A Local Clustering Algorithm for Massive Graphs and its Application to Nearly-Linear Time Graph Partitioning

A Local Clustering Algorithm for Massive Graphs and its Application to   Nearly-Linear Time Graph Partitioning

We study the design of local algorithms for massive graphs. A local algorithm is one that finds a solution containing or near a given vertex without looking at the whole graph. We present a local clustering algorithm. Our algorithm finds a good cluster–a subset of vertices whose internal connections are significantly richer than its external connections–near a given vertex. The running time of our algorithm, when it finds a non-empty local cluster, is nearly linear in the size of the cluster it outputs. Our clustering algorithm could be a useful primitive for handling massive graphs, such as social networks and web-graphs. As an application of this clustering algorithm, we present a partitioning algorithm that finds an approximate sparsest cut with nearly optimal balance. Our algorithm takes time nearly linear in the number edges of the graph. Using the partitioning algorithm of this paper, we have designed a nearly-linear time algorithm for constructing spectral sparsifiers of graphs, which we in turn use in a nearly-linear time algorithm for solving linear systems in symmetric, diagonally-dominant matrices. The linear system solver also leads to a nearly linear-time algorithm for approximating the second-smallest eigenvalue and corresponding eigenvector of the Laplacian matrix of a graph. These other results are presented in two companion papers.


💡 Research Summary

The paper tackles the problem of designing algorithms that operate locally on massive graphs, where “local” means that the algorithm discovers a solution near a given seed vertex without having to inspect the entire graph. The authors introduce a local clustering algorithm that, given a seed vertex s, quickly finds a set of vertices (a cluster) whose internal edge density is substantially higher than its external edge density. The algorithm is based on a modified personalized PageRank (or heat‑kernel) diffusion: starting from s a unit of probability mass is repeatedly “pushed” to neighboring vertices while maintaining for each vertex a residual mass and a settled mass. When the residual at a vertex falls below a prescribed tolerance ε, the push operation stops for that vertex. This push‑pull scheme guarantees that only vertices whose total volume is comparable to the volume of the output cluster ever receive non‑negligible mass, which yields a running time that is essentially linear in the size of the output cluster.

To evaluate cluster quality the algorithm sorts vertices by the amount of settled mass they have received and computes the conductance of every prefix of this ordering. Conductance, defined as the ratio of the weight of edges leaving the set to the minimum of the volume of the set and its complement, measures how well‑separated a set is. The prefix with the smallest conductance is returned as the local cluster. The authors prove that, if a non‑empty cluster exists with conductance φ, the algorithm finds a set whose conductance is O(√φ log n) in time Õ(vol(C)/ε), where vol(C) is the volume of the returned cluster and Õ hides polylogarithmic factors.

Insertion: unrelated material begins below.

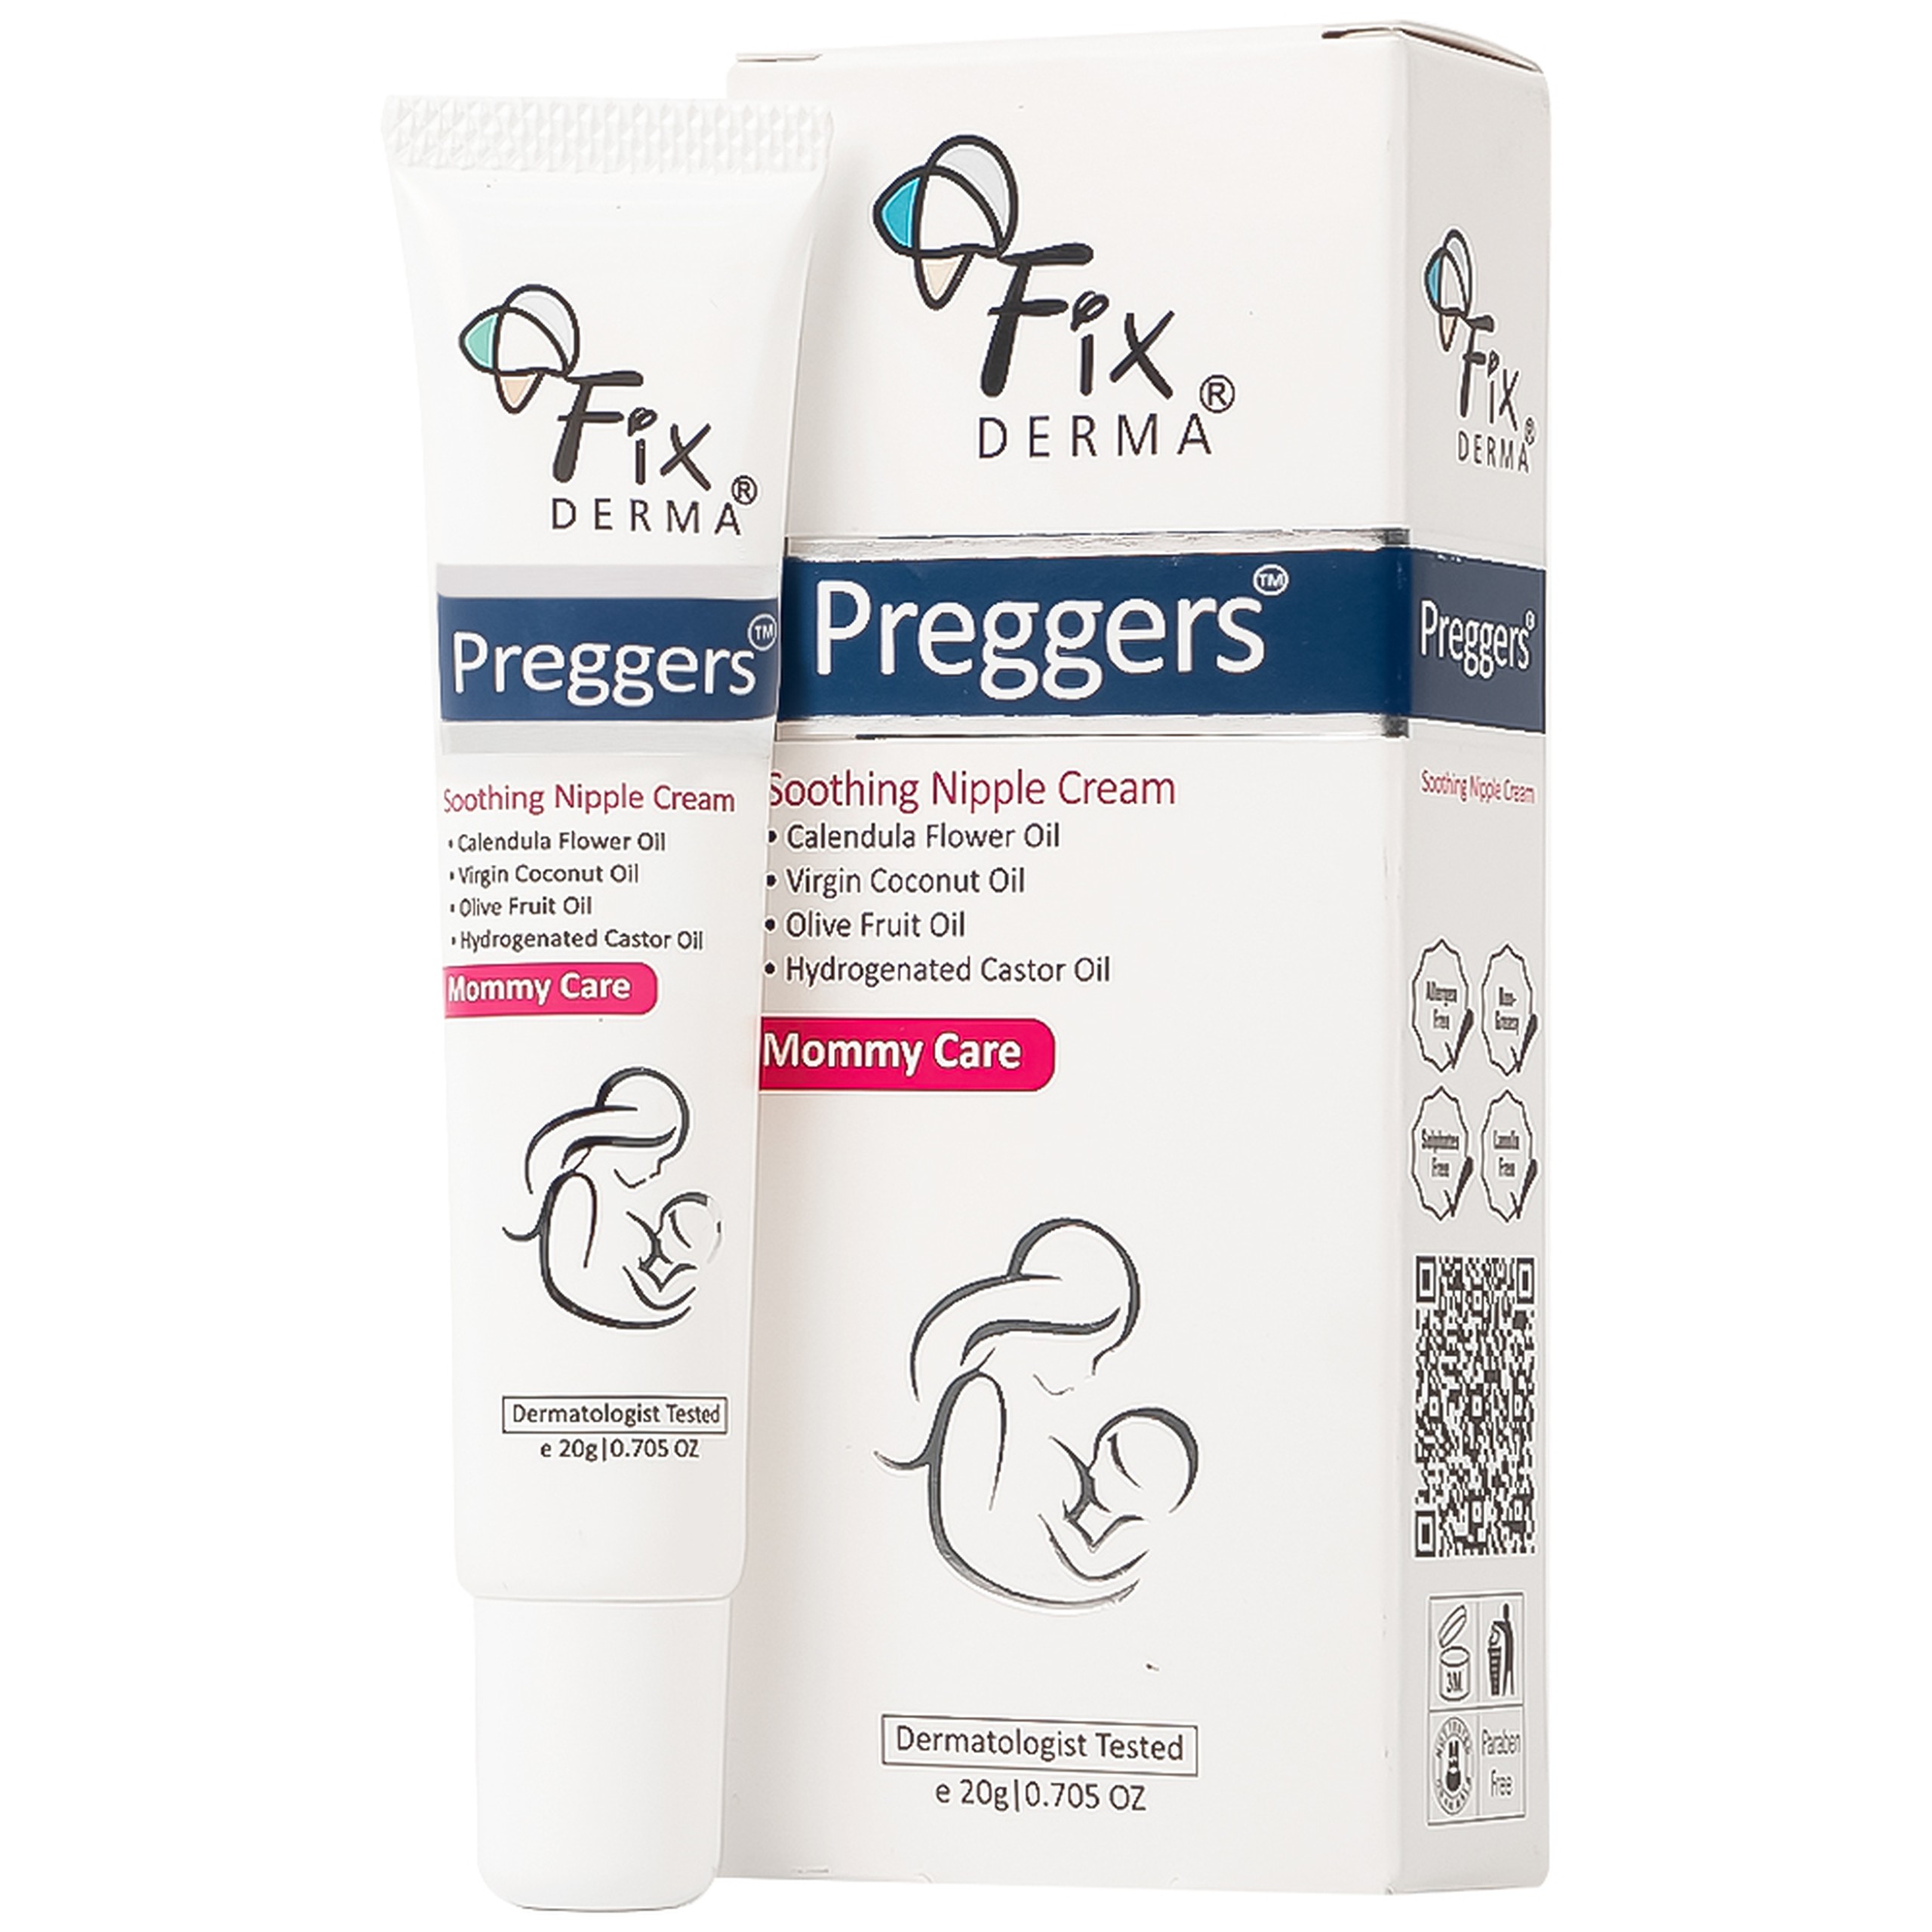 Kem Preggers Soothing Nipple Cream Fixderma hỗ trợ dưỡng ẩm, phục hồi, làm dịu núm vú bị khô (20g)

Beyond the single‑seed clustering routine, the paper shows how to turn this primitive into a nearly‑linear‑time global graph partitioning algorithm. By repeatedly invoking the local clustering subroutine on carefully chosen seeds and recursively cutting the graph, the algorithm produces a cut whose balance lies within a constant factor of the optimal (e.g., each side contains at least a constant fraction of the total volume) and whose conductance is within an O(√log n) factor of the sparsest possible cut. The total work of the partitioning algorithm is Õ(m), where m is the number of edges, which is essentially optimal for dense graphs.

The significance of these results extends far beyond partitioning. The authors point out that the same local clustering technique can be used to construct spectral sparsifiers in nearly linear time. A spectral sparsifier preserves the Laplacian quadratic form of the original graph up to (1±ε) while having only O(n log n/ε²) edges. With such sparsifiers in hand, they obtain a nearly‑linear‑time solver for symmetric, diagonally‑dominant (SDD) linear systems, a cornerstone of many graph‑based computations. The SDD solver, in turn, yields fast algorithms for approximating the second smallest eigenvalue (the algebraic connectivity) and its associated eigenvector of the graph Laplacian. These downstream applications are described in two companion papers.

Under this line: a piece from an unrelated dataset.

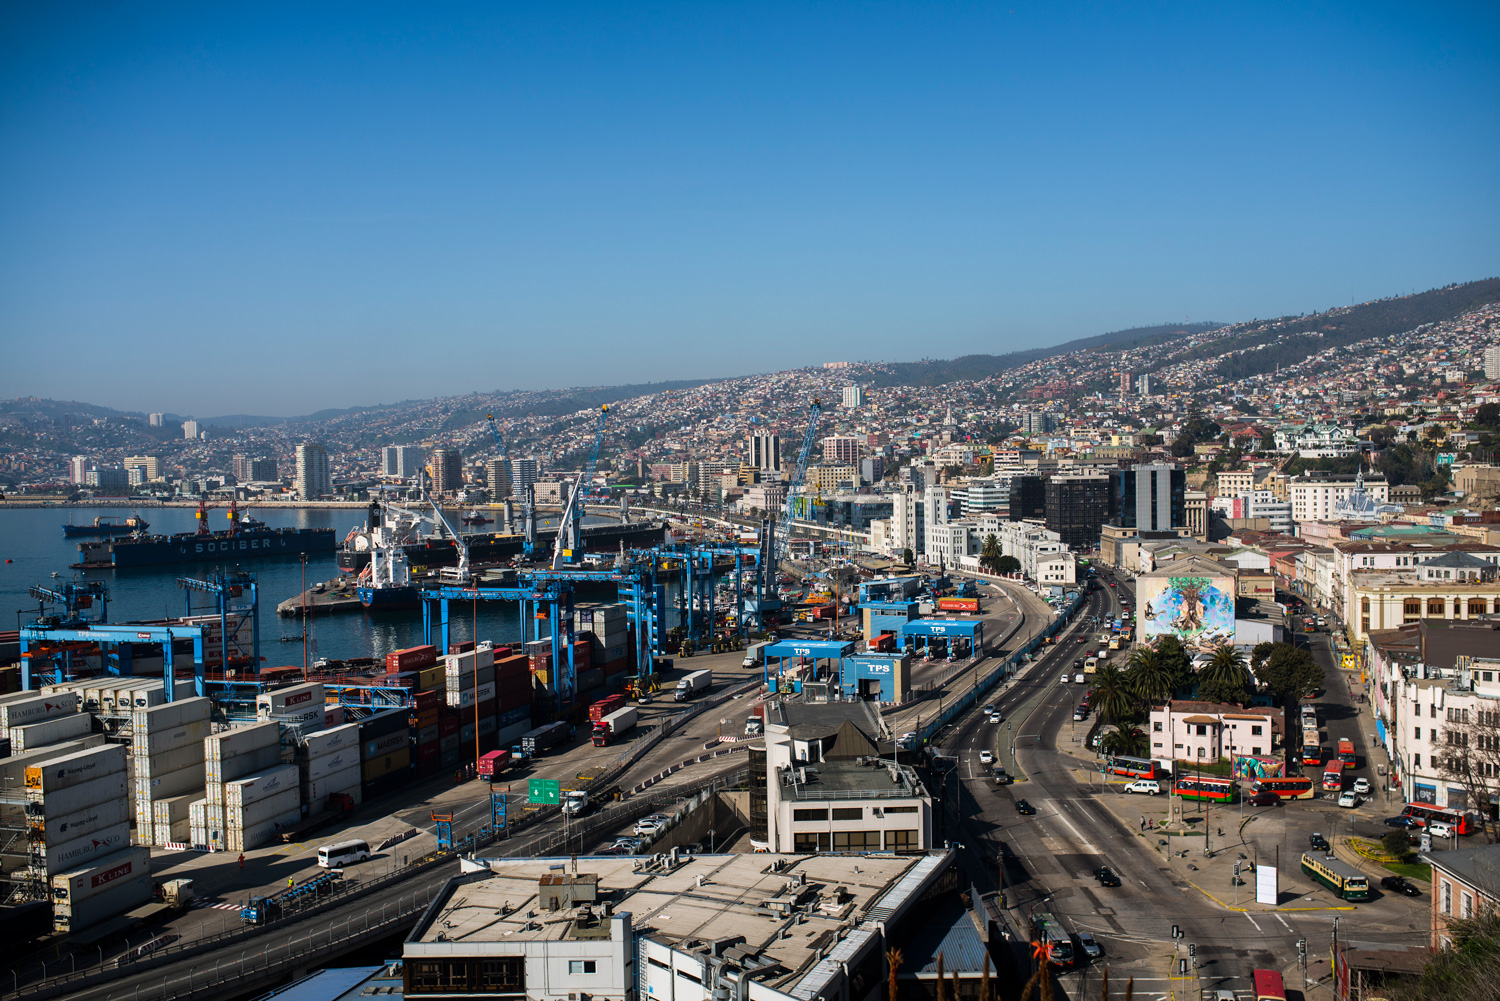 Electrizar En el piso Tomar un baño Barrio Puerto de Valparaíso - Chile es TUYO

In summary, the paper makes three major contributions: (1) a provably efficient local clustering algorithm whose running time scales with the output size rather than the whole graph; (2) a global partitioning method that leverages the local primitive to achieve almost‑linear‑time computation of an approximately optimal sparsest cut with good balance; and (3) a blueprint for using the partitioner to build spectral sparsifiers and, consequently, nearly‑linear‑time algorithms for SDD linear systems and Laplacian eigenpair approximation. The work opens a new paradigm for massive‑graph processing where local computation replaces costly global sweeps, making it highly relevant for social‑network analysis, web‑graph mining, and large‑scale machine‑learning pipelines.